#42 - Coded triangle numbers
The $n^{\text{th}}$ term of the sequence of triangle numbers is given by, $t_n=\frac{1}{2}n(n+1)$; so the first ten triangle numbers are: \[1,3,6,10,15,21,28,36,45,55,\dots\]
By converting each letter in a word to a number corresponding to its alphabetical position and adding these values we form a word value. For example, the word value for SKY is $19+11+25=55=t_{10}$. If the word value is a triangle number then we shall call the word a triangle word.
Using words.txt (right click and ‘Save Link/Target As…’), a 16K text file containing nearly two-thousand common English words, how many are triangle words?
Let $w_{word}$ by the word value for $word$. We need to see whether $w_{word}$ is a triangle number. If it is, then by using the quadratic formula, \[\begin{aligned} w_{word} &= \frac{1}{2}n(n+1) \\ n^2+n-2w_{word} = 0 \\ n &= \frac{-1 \pm \sqrt{1-4(1)(-2w_{word})}}{2} \\ &= \frac{\sqrt{8w_{word} + 1} - 1}{2} \end{aligned}\]
Therefore, for $w_{word}$ to be a triangle number, the last expression has to be an integer, which means $8w_{word}+1$ has to be a square, which will be our simple test.
We loop over all words, and check if the word value matches the condition. I’ve saved the file words.txt as problem042.txt.
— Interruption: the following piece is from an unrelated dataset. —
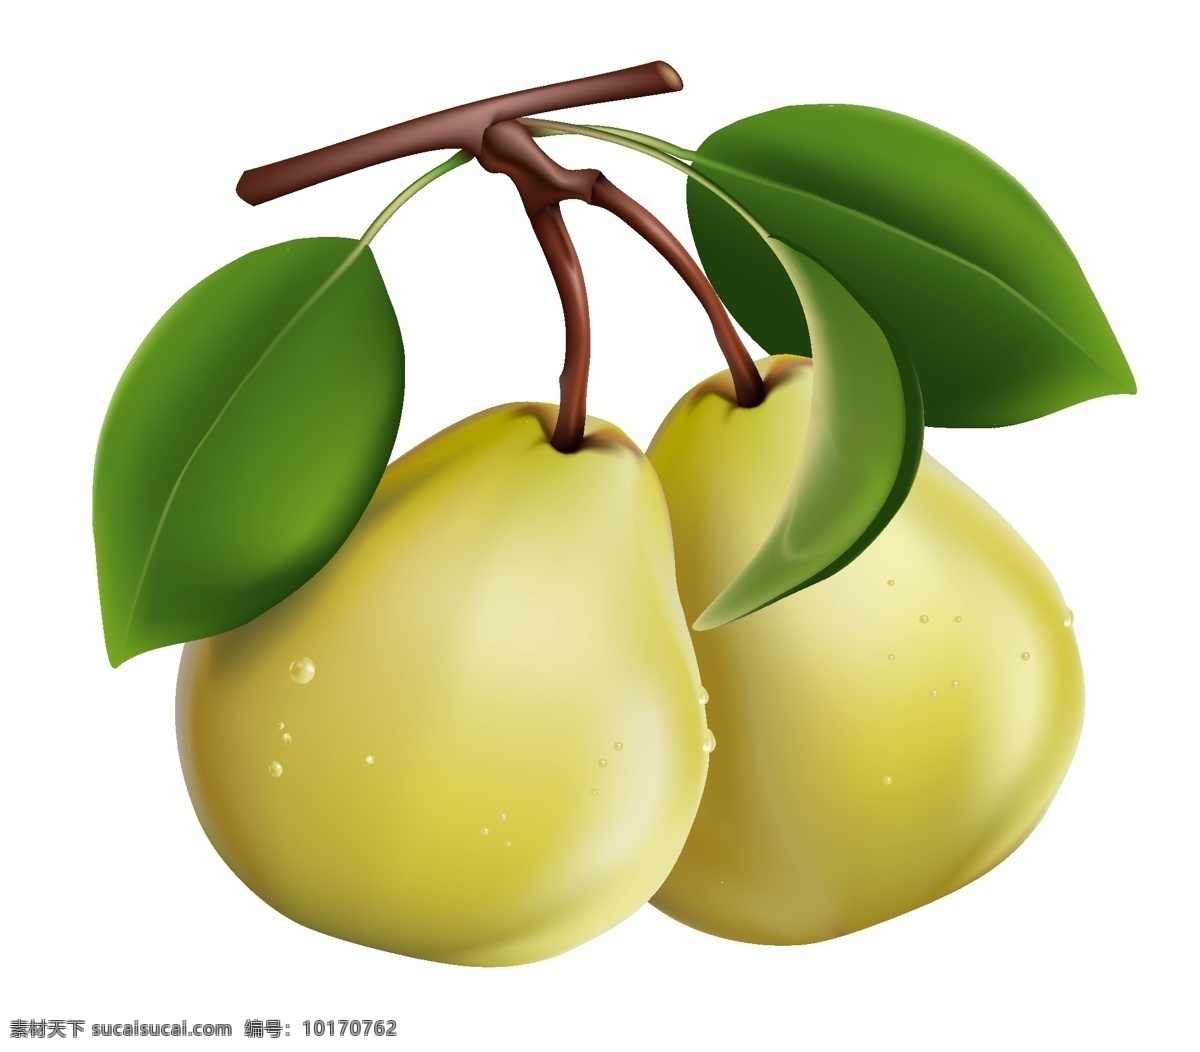 矢量梨素材 梨 梨素材 矢量梨 水果 水果设计 矢量水果 新鲜水果 矢量素材 蔬菜水果 生物世界 白色

The words are in double quotes, so we’ll need to remove them to get the pure words.
# file: "problem042.py"
with open("problem042.txt") as f:
words = f.readlines()
# split so it becomes 1D array
words = words[0].split(',')
# Now traverse through the words and remove
# the double quotes on the ends
for i in range(len(words)):
words[i] = words[i].replace('"', '')
letters = list("ABCDEFGHIJKLMNOPQRSTUVWXYZ")
count = 0
for i in range(len(words)):
num = 0
for j in range(len(words[i])):
num += letters.index(words[i][j:j+1]) + 1
if (8 * num + 1) ** 0.5 == int((8 * num + 1) ** 0.5):
count = count + 1
print(count)
The output is,
162
0.011115430442436482 seconds.
Thus, there are 162 triangle words in the file.